• Victor LaValle • July 15, 2016
There’s a particularly moving scene in There Will Be Blood, Paul Thomas Anderson’s 2007 film about an oil tycoon, Daniel Plainview, running around the American West acting like a maniac. His antagonist is a religious man, Eli Sunday, a young preacher and faith healer. The two spar throughout the movie. At one point Plainview attends a church service led by Eli. Sunday has extorted Plainview into coming so there’s a great deal of tension between the pair when Eli calls Plainview up to the pulpit to confess his sins. Plainview is clearly barely tolerating the theater of the moment but Eli is in his element, electrified, as the members of his flock watch.
“We have a sinner with us here who wishes for salvation,” Eli tells the congregation. “Daniel, are you a sinner?”
“Yes.” This answer comes quickly, something perfunctory.
“Oh, the Lord can’t hear you Daniel. Say it to him, go ahead and speak to Him. It’s alright.”
“Yes.”
“Down on your knees. Speak to him. Good. Look to the sky and say it.”
“What do you want me to say?” Daniel asks, sounding snide.
From here Eli Sunday goes on to list Plainview’s indiscretions: lusting after women and abandoning his child. It’s the latter that finally strikes a true blow at Plainview, his face going tight with anger and shame. Eli demands that Plainview say he’s a sinner; that he’s sorry to the Lord; that he wants the blood of Jesus. Plainview offers all of this. But Eli returns to Plainview’s sore spot.
“You have abandoned your child.”
Eli demands that Plainview admit this, out loud, before all. He pushes him to say it once, twice. Finally Plainview cracks and shouts, his throat red from the confession.
“I’ve abandoned my child! I’ve abandoned my child! I’ve abandoned my boy.”
Right after this, there’s a moment where Plainview bites his lip and looks away and you can see the character, and the actor—Daniel Day Lewis—truly contemplating the horror of this, his greatest sin. For that moment, Daniel Plainview is neither mythic hero nor epic villain, but simply a human being forced to truly reckon with his commonplace monstrousness. He’s turned out to be a disappointing father and, at least for this moment, he knows it and can’t hide from the truth. It’s the truest emotional moment in the movie.
I tell you this longish anecdote as a way to prepare you for what I see as the magic in Jamel Brinkley’s stories. These stories deal in large-scale deceit and betrayal, there are painful things at work in this fiction, but much like the scene I described above, Jamel Brinkley regularly finds ways to pierce through the dramatic and find the subtle and humane lurking within.
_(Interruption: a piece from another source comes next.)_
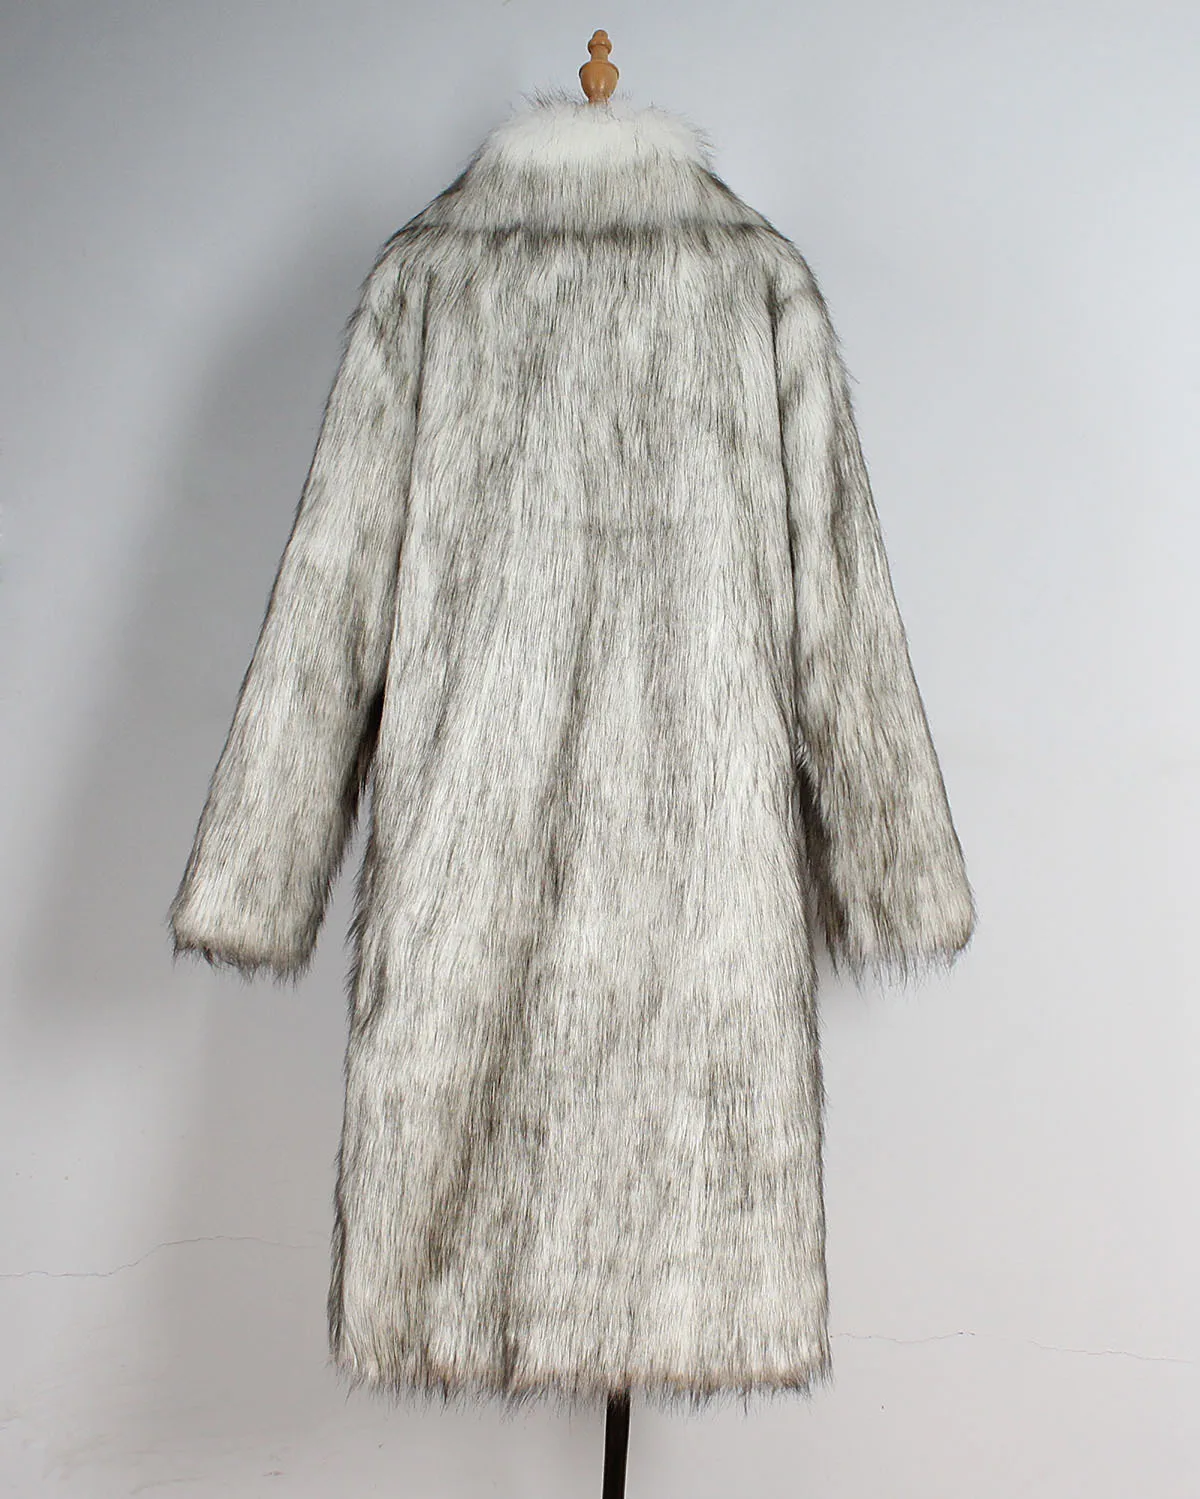 Брендовое роскошное мужское меховое пальто, зимняя верхняя одежда из искусственного меха, теплое пальто, мужские куртки, длинные пальто, мужское меховое утепленное пальто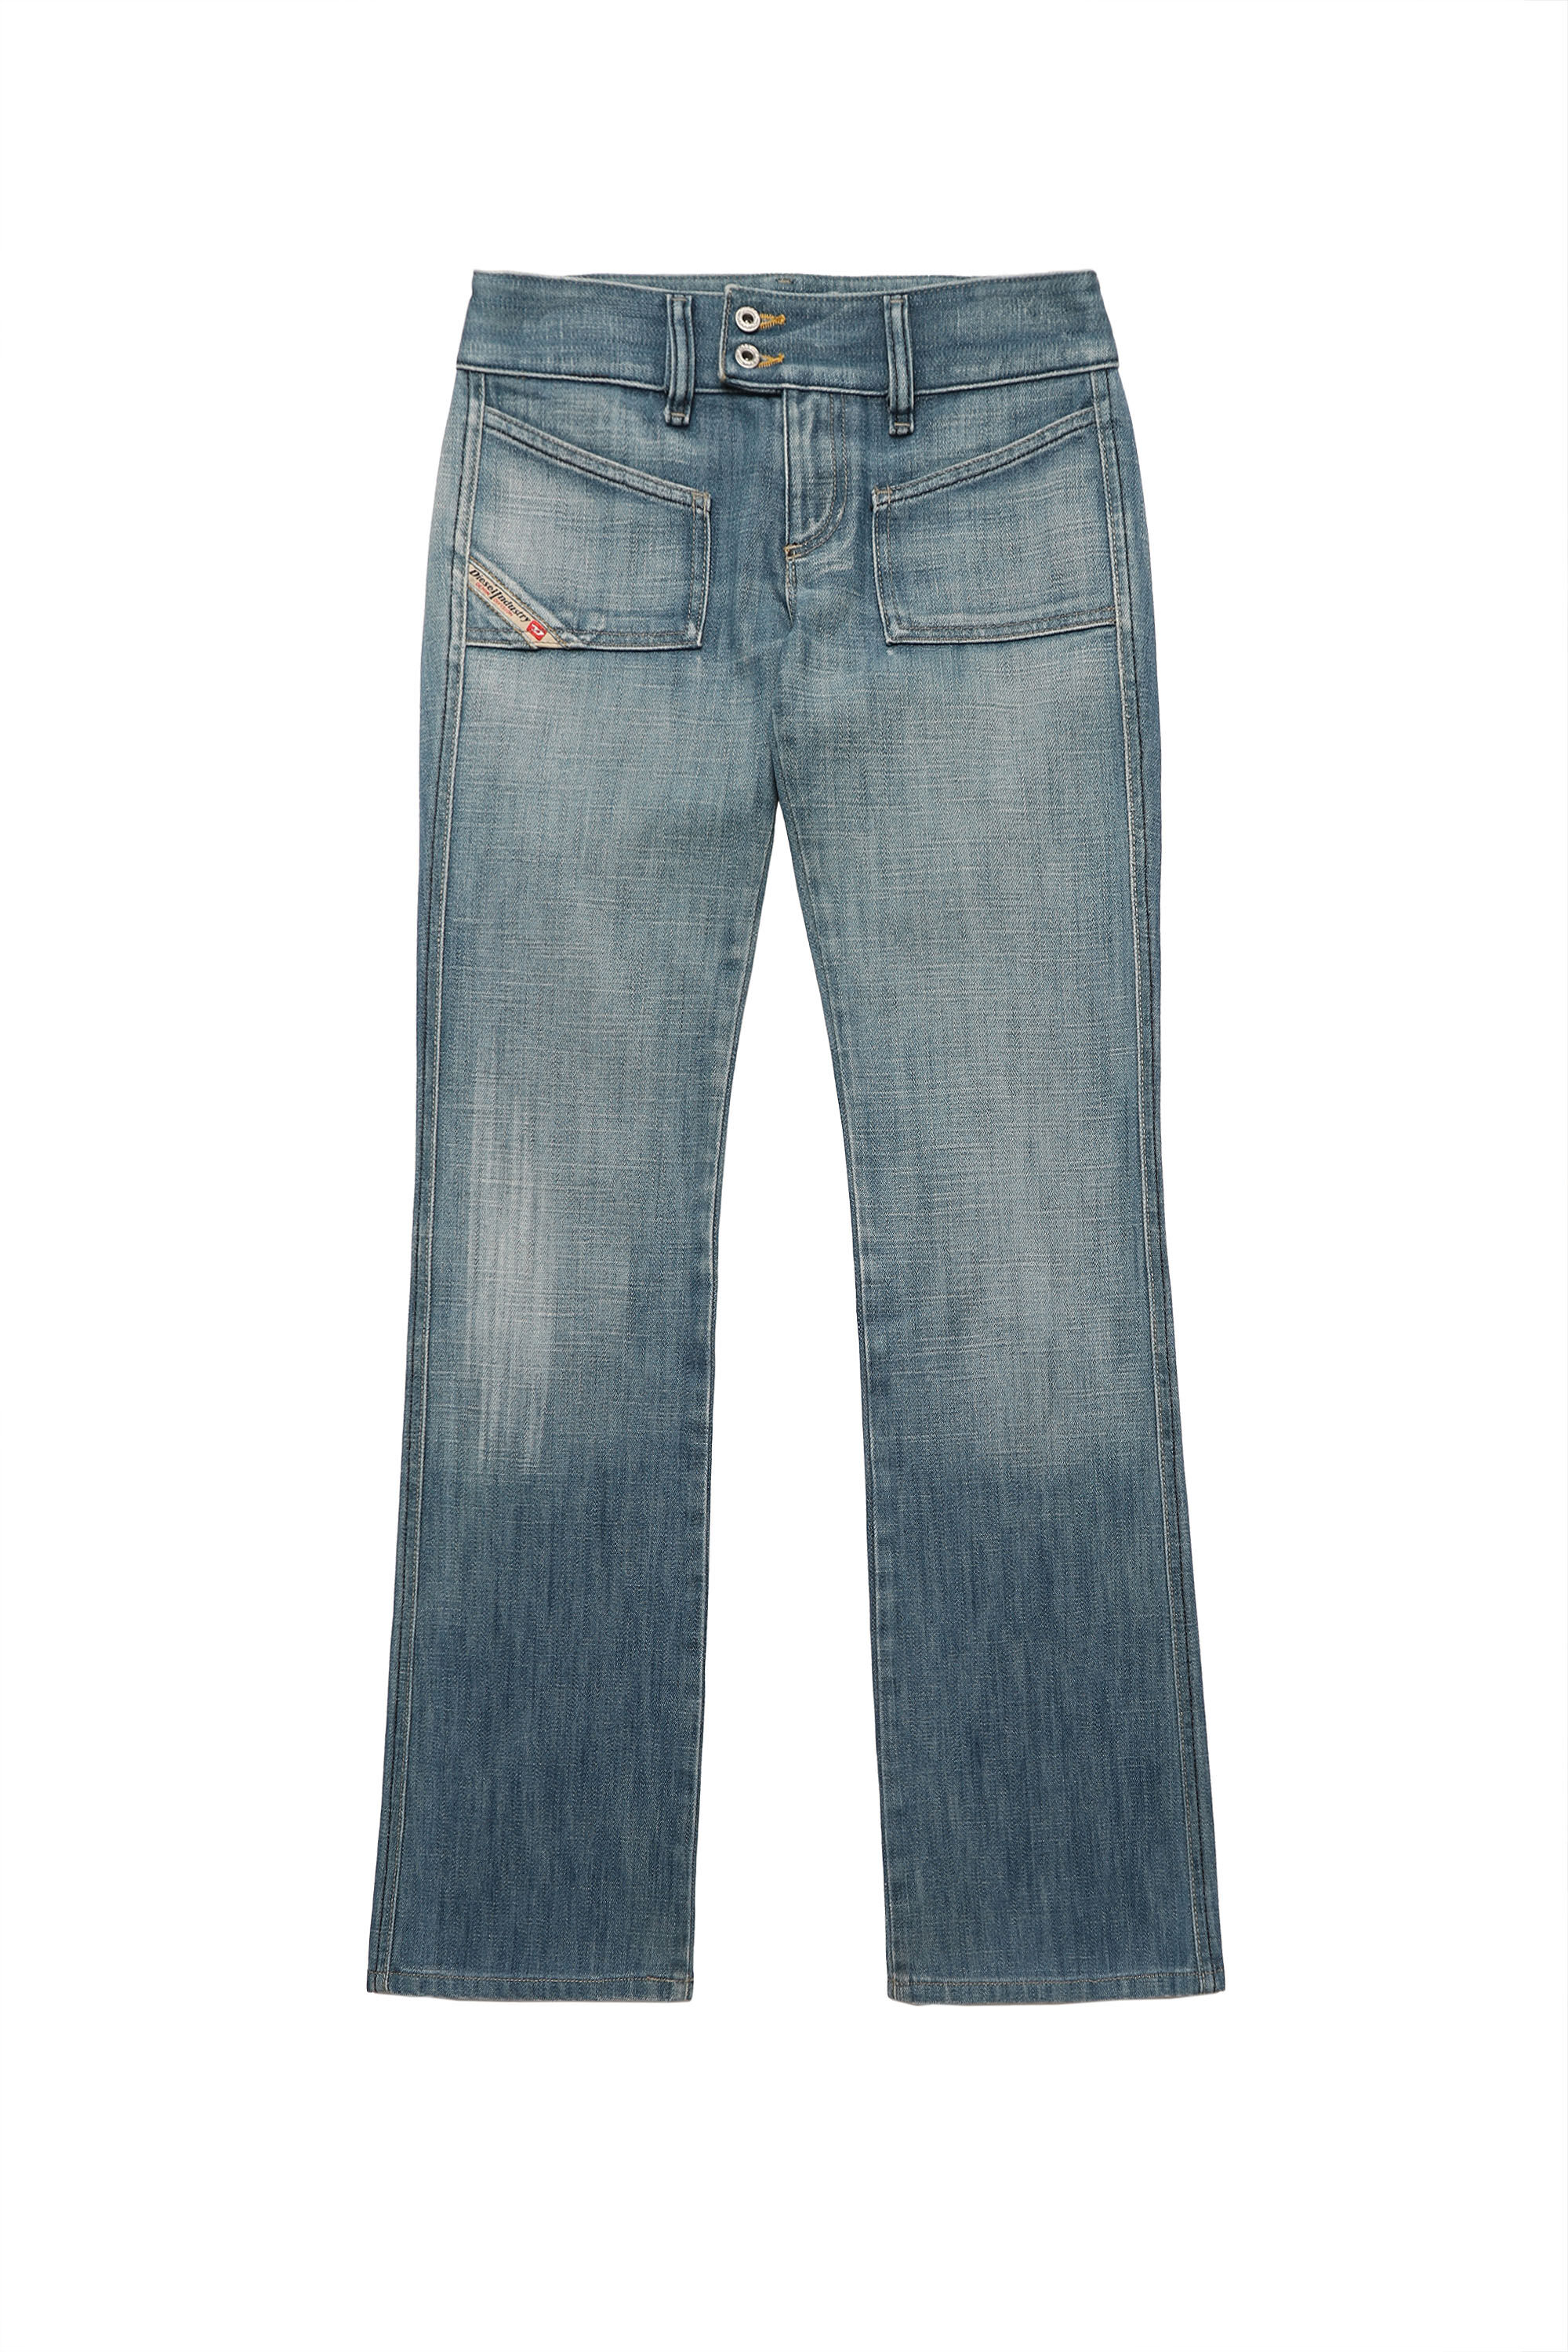 Fascinerend Classificeren Perforatie HUSH DS Woman - Jeans | Diesel Second Hand

He’s got a way with language, that’s always a good start. Here’s a paragraph, picked nearly at random, from his story “A Lucky Man”: “Something feverish coursed through the avenues of the city that morning. After weeks of disappointing weather, it was finally and fully spring. Rain clouds had been wrung away, leaving a clarity of unbroken sky and a sheen on everyone’s limbs.” A fine way to write a lovely morning in New York City but fine language, without deeper meaning and intent, is just costume jewelry. When you read the whole story, you glean the ways Brinkley is seeding something essential about the protagonist, an older man named Lincoln, into the way he’s seeing the city and its residents. There’s a tone of appreciation and pleasure, but maybe also hints of appropriation and lust. And all of that comes to mean a great deal by the time you read the painful, but earned, last line of the whole thing. This is the kind of fine-motor-skill writing that impresses even more when you read the story for a second time, a third.
There’s another reason I began this note with a description of the scene from There Will Be Blood. Brinkley is writing with great insight and honesty about men who are much like Plainview, by which I mean men (and women) much like all of us, who can’t see ourselves clearly, who overlook our failings and overpraise our virtues. In these stories he’s both Eli Sunday and Daniel Plainview; he’s the congregation and the film’s director, too. He approaches the story from all of these angles so you and I, the readers, his audience, might sit just far enough out of frame to understand that by bringing all of this together, by using all his formidable talents, he’s shown us a vision of ourselves.